_What this task involves_
Repeat the data in full and exactly. Leave the pictures out.
___ Exercise data ___
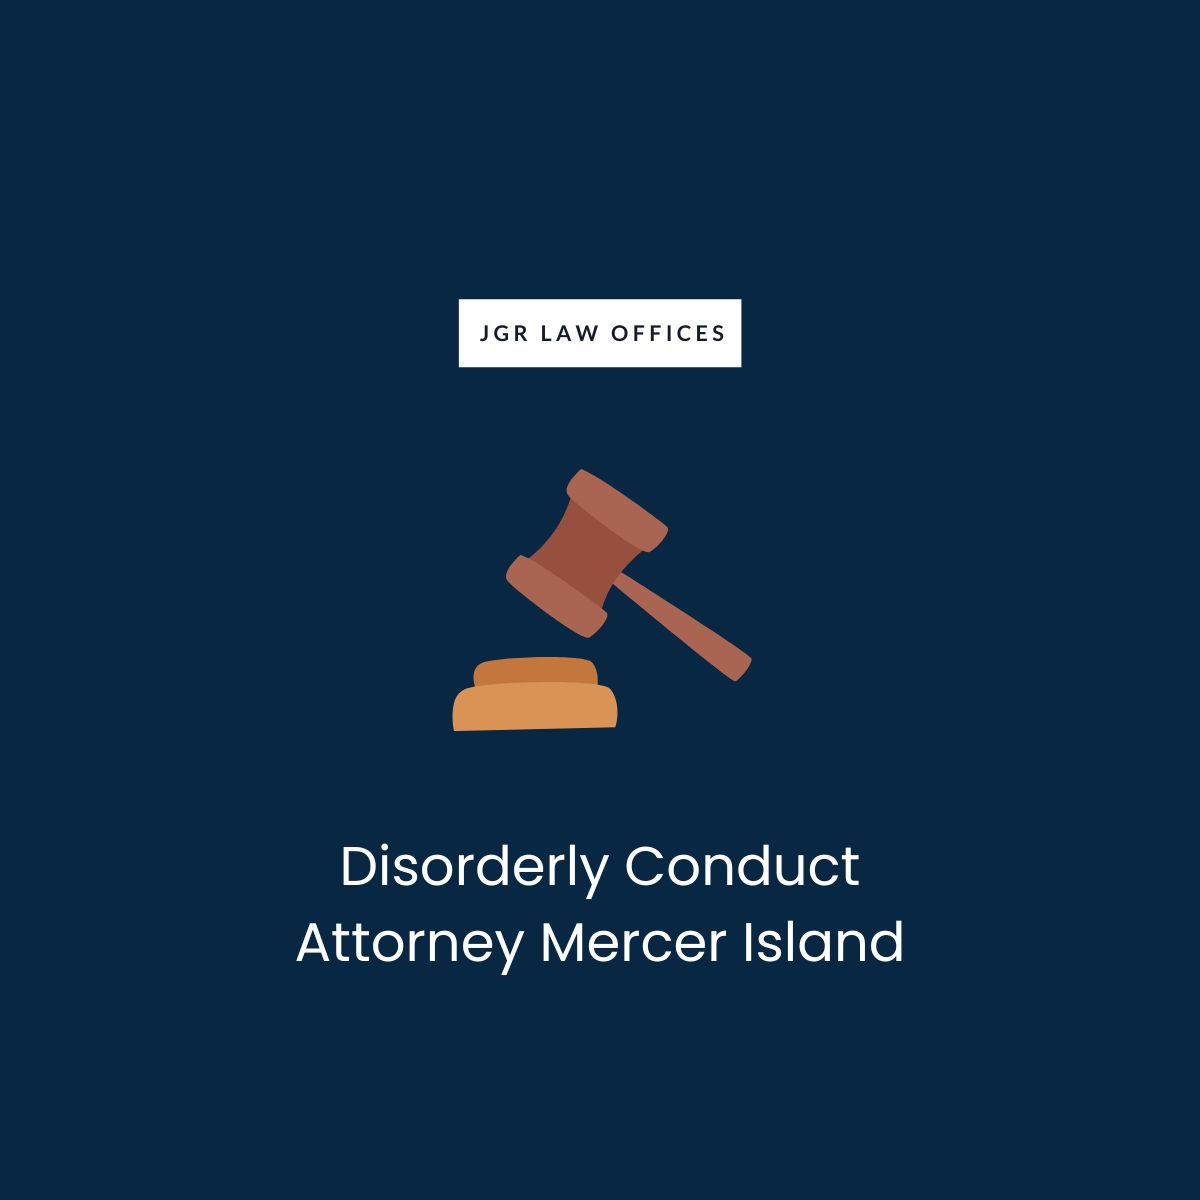 Disorderly Conduct Lawyer Mercer Island Disorderly Conduct Disorderly Conduct
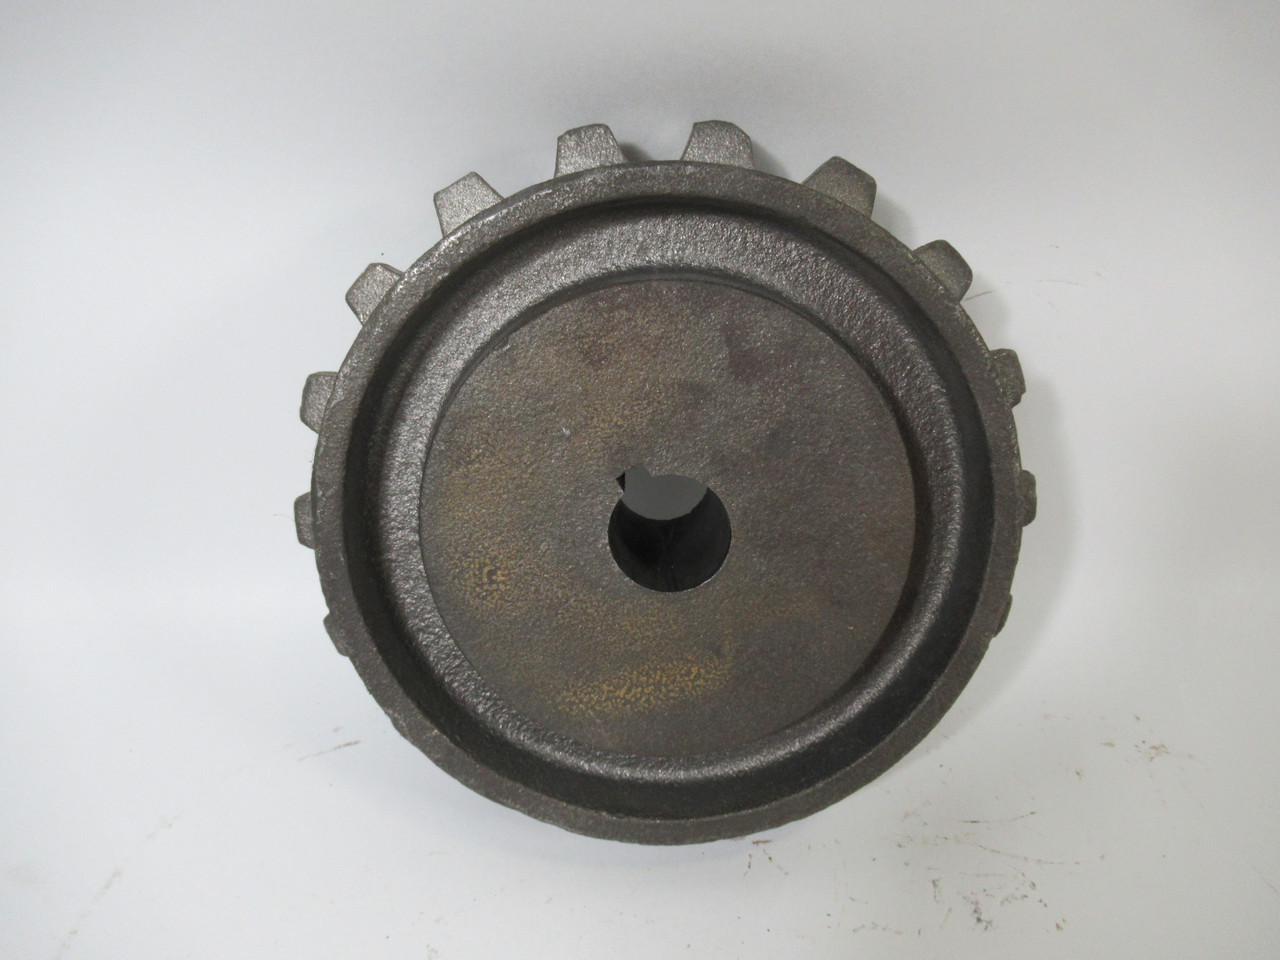 Furnace Belt Co. 6-18-STD Cast Iron Sprocket 1"ID 18T 1x1" Belt 6.160"P USED
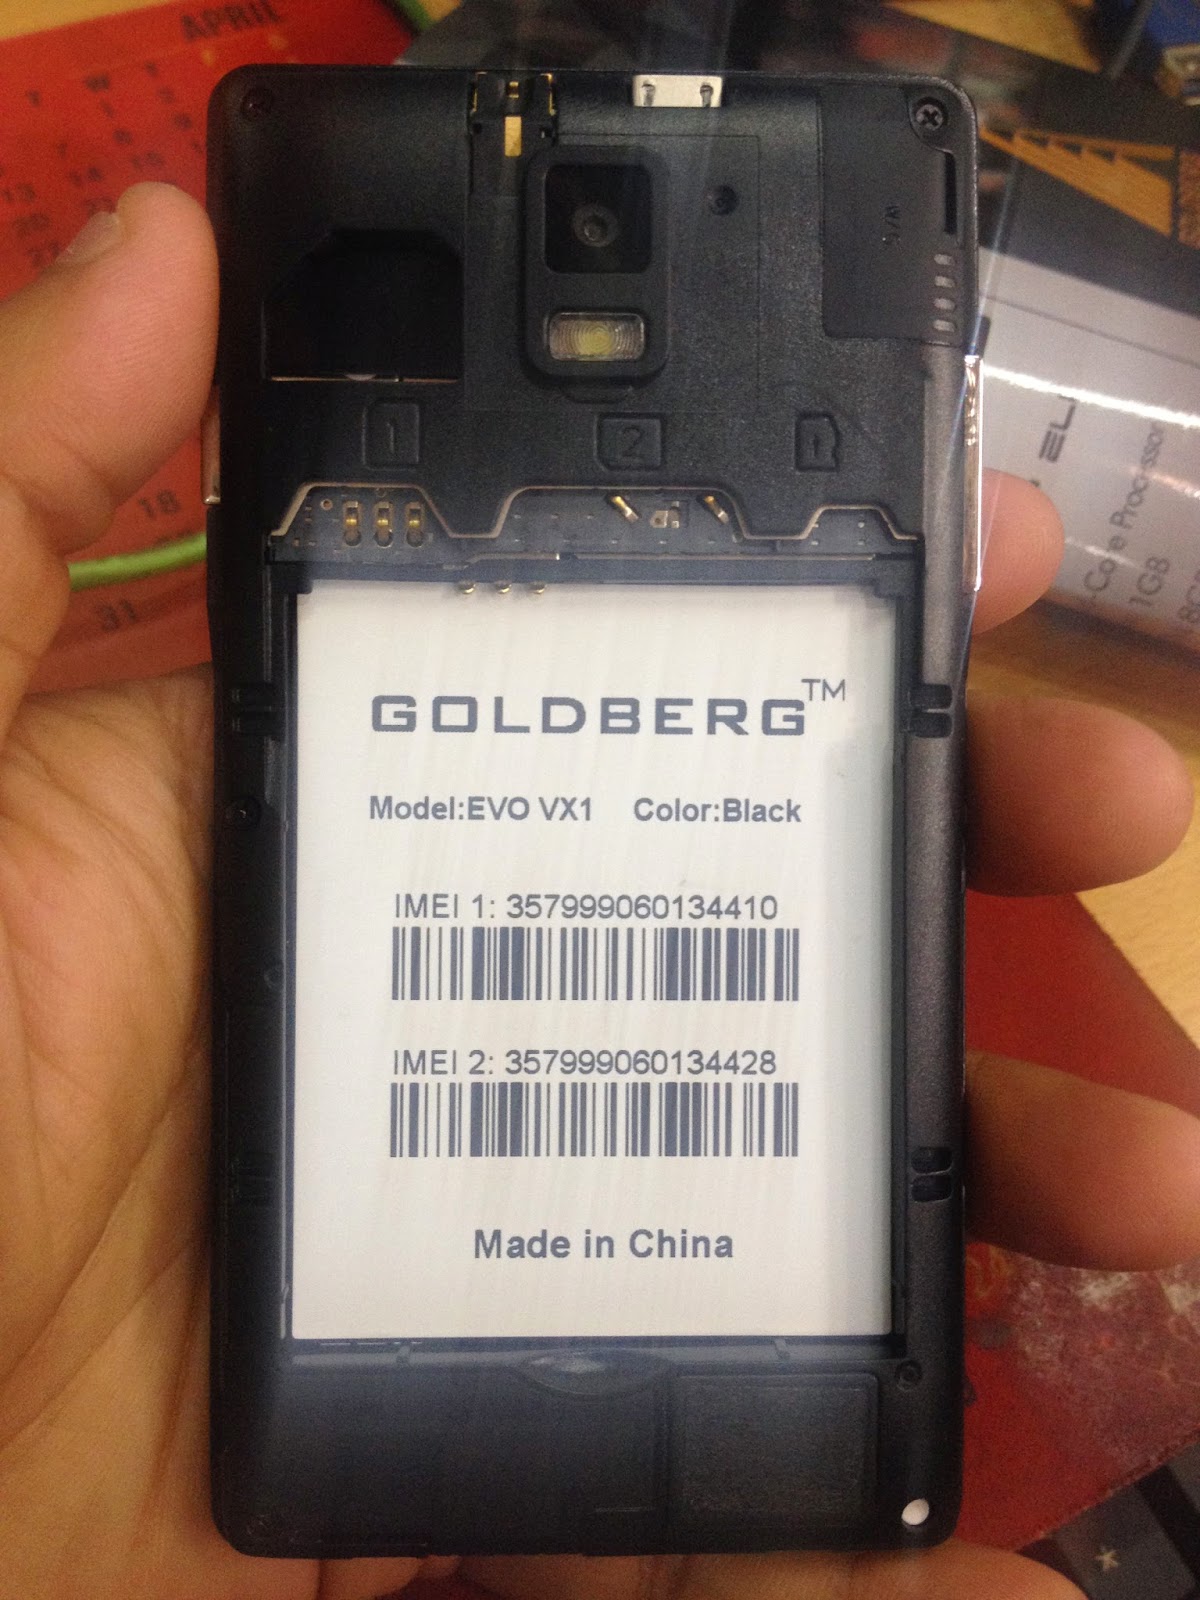 Image result for goldberg evo vx1 firmware
___
_Task answer_
 Disorderly Conduct Lawyer Mercer Island Disorderly Conduct Disorderly Conduct
 Furnace Belt Co. 6-18-STD Cast Iron Sprocket 1"ID 18T 1x1" Belt 6.160"P USED
 Image result for goldberg evo vx1 firmware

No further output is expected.